Of course, some people argue that the unborn are not actually people.  To his credit, he did not suggest that; he rather suggested that they were unwanted human beings that should not be forced to come into a world that does not want them.  It strikes me that this is very like an ambulance crew saying they’re not going to take this injured homeless person to a hospital because he’s a worthless human being and he might as well just die anyway.  It is rather arrogant for any of us to put a value on someone else’s life, whether or not that person has yet smelled air.

Perhaps, though, he is not talking about abortion funding; perhaps he is talking about welfare.  In thinking about this issue I did a bit of research, and learned that the Federal debt is presently increasing by about one trillion dollars each year.  The population of the United States is a bit above three hundred twenty-five million, so that’s about three dollars for every person–every man, woman, or child, legal or illegal, in the entire country.  Of course, those who are in the country illegally aren’t going to pay that, and there is not much logic to expecting those who are receiving the benefits to pay part of that.  At some point we are going to have to stop spending as much or find a way to collect more.

So where could we cut it?

The total federal budget for 2017 is just above four trillion dollars–that’s four thousand billion (4.1472 trillion).  Sixty percent of that–about two trillion five hundred million–goes to what is loosely called “welfare”, that is, money that goes to taking care of people who can’t afford to take care of themselves, that “safety net” about which we are always talking (2.4971 trillion).  In fairness, the biggest piece of that–a bit less than one trillion–is social security (972.6 billion), which includes all those retirement checks and the federal disability program (and the salaries of the people who run it), giving a meager income to people who genuinely cannot or can no longer work.  More than a trillion goes to medical assistance, that is, Medicare (605.0 billion) and Medicaid (527.4 billion) including the Obamacare expansions, providing health services to people who cannot otherwise afford them.  Less than half a trillion goes to everything else we loosely consider “welfare”, social support services (392.1 billion).

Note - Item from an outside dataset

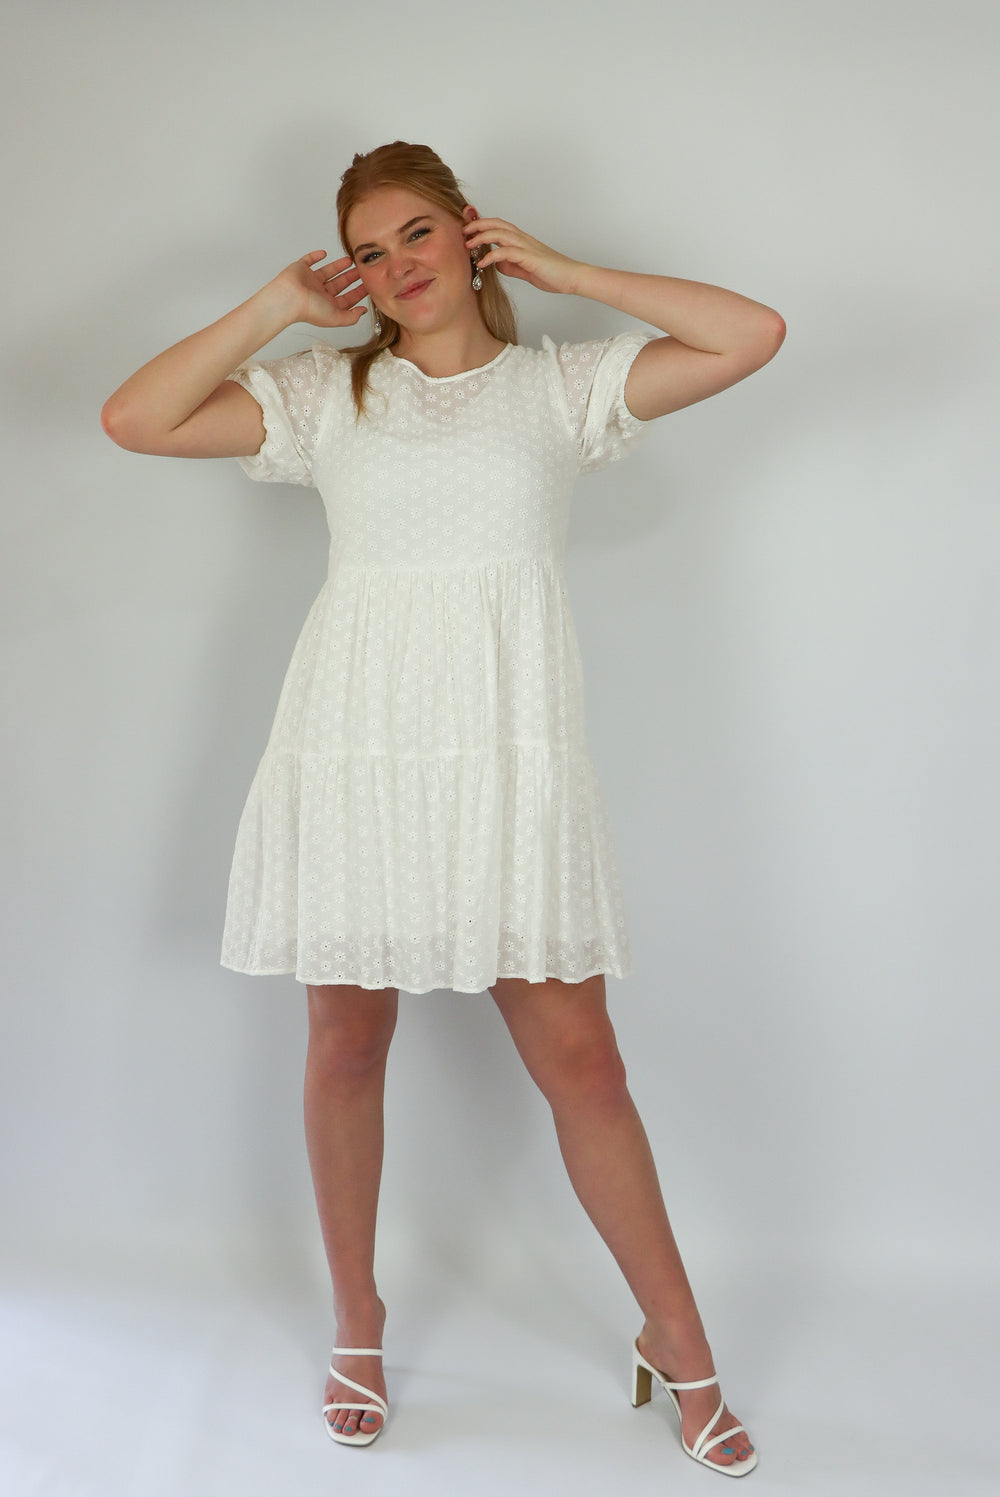 Knee length white dress for summer

It is argued that we should cut our outrageous military spending, but that outrageous military spending is less than a trillion dollars (0.8536 trillion), less than the medical care spending, less than Social Security.  We’ve been working on reducing military spending for a long time, and it is a much smaller portion of the budget than it was in the past–but in that time our “entitlements” and “welfare” programs have exploded to take the largest share of the budget.  Together, that’s over eighty percent of the budget; all other programs combined come to only seven hundred ninety-six and a half billion dollars, less than twenty percent, less than the military portion.  Saving money there is a bit like trying to make a package lighter by using less tape to seal it.

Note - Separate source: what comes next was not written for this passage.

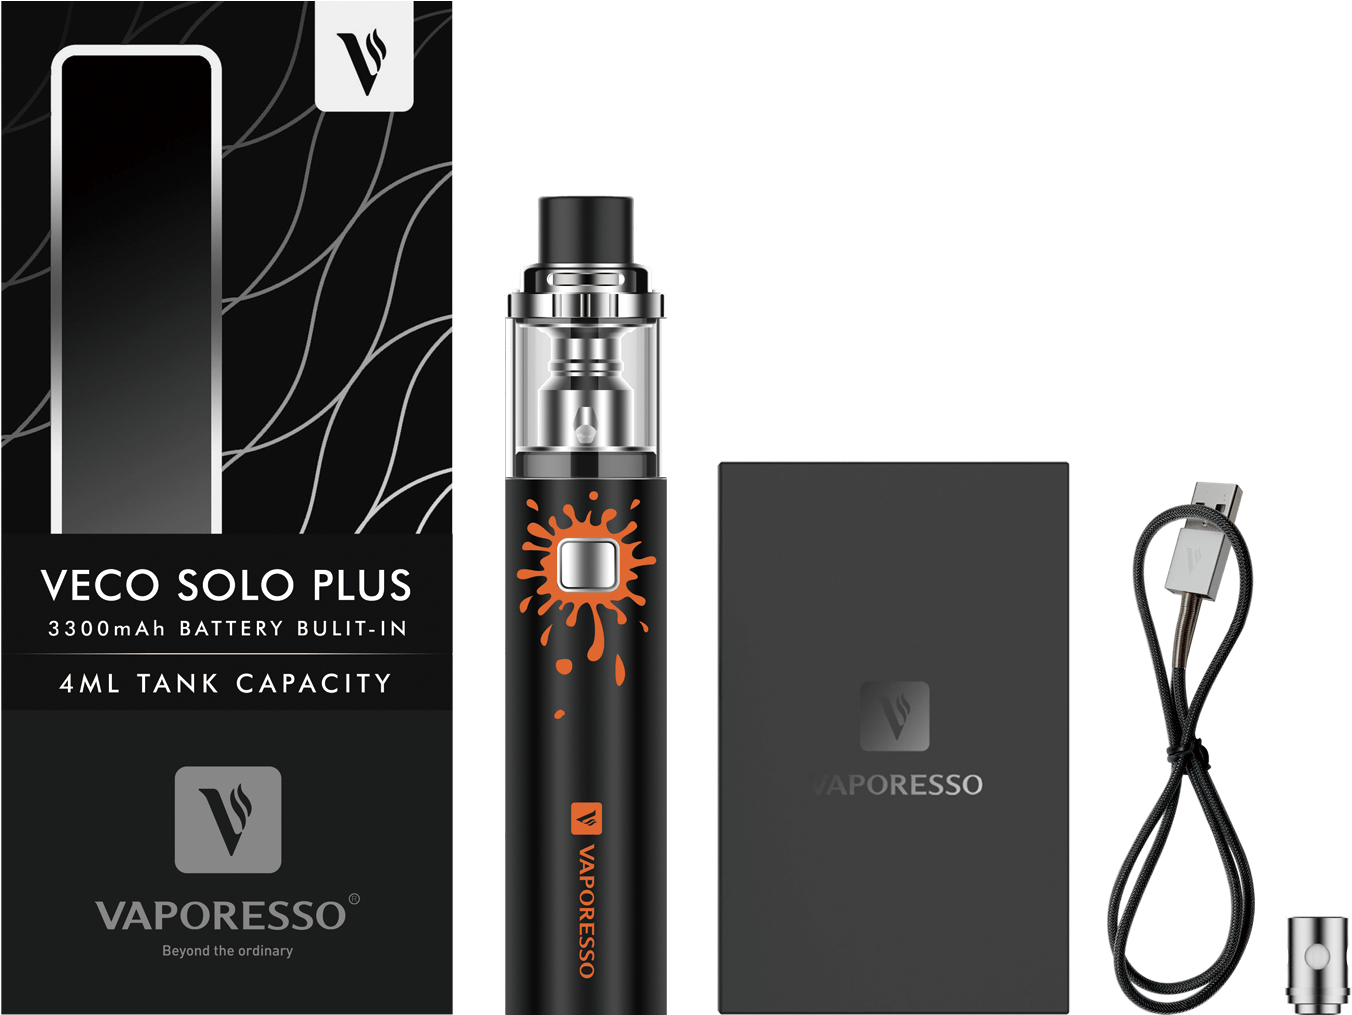 Veco Solo Plus Package - Vaporesso Veco Solo Plus Clipart (1509x1056), Png Download

It is not unkind for me to cut my son’s allowance in order to pay the utility bill; he might think I should pay less to the utility company, but he would be upset if we said we couldn’t afford to run his video games or heat the water for his showers.  That national debt that’s going up another trillion dollars this year is very nearly twenty trillion already–sixty dollars for every person within our borders.  We keep saying that we’ll pay it off when things get better, but they’re getting worse and the amount is increasing like a bad debt owed to a loan shark.  Economists argue about whether it is bad for nations to go into debt, just as they argue about whether it’s bad for people to go into debt, but although we’ve at times managed to reduce the debt we have not paid it off entirely in a long time, longer than my lifetime, and the people who are lending us the money (what, did you think we borrowed it from God?) are beginning to think maybe we’re not so good a risk as they once thought.  Many economists assert that a high national debt depresses the economy, raises the prices of goods, and reduces the availability of jobs.  Somehow we have to reduce our spending.  It certainly is important for us to help the poor, but this ongoing forced philanthropy might not be helping so much as we want to think, and can’t continue at this level forever.

One way or another, there is going to be less money for those in need, because the way things have been going there has been less and less money for all Americans.  We laugh when in Fiddler on the Roof Nahum the Beggar complains to Lazar Wolfe about the smaller donation he gave this week, “So if you had a bad week, why should I suffer?”, but the truth is that when the rich have less money, everyone has less money, and when we make the pie smaller everyone’s piece gets smaller.  Not everyone can work; not everyone can contribute to the productivity of the nation–but if we don’t find a way to get more people working productively, there won’t be enough money for those who can’t.

Someone once challenged the original Mr. Rockefeller that his millions (which were then worth a lot more than they would be today) should be shared among everyone.  Rather than arguing the point, Rockefeller agreed, reached into his pocket, and handed the man a dime as his share.  If you stripped the top one percent of everything they owned and gave it everyone else, it would be a small amount divided so many ways, and there would be no comparable wealthiest people to rob the next year.  You cannot feed the poor by robbing the rich; you have to teach them to fish, that is, give them jobs, not money.  How to do that is much debated, but it seems that part of it has to be to reduce the amount the government is spending, and the obvious place to do that is where it is spending the most.

That hurts, but it may be necessary.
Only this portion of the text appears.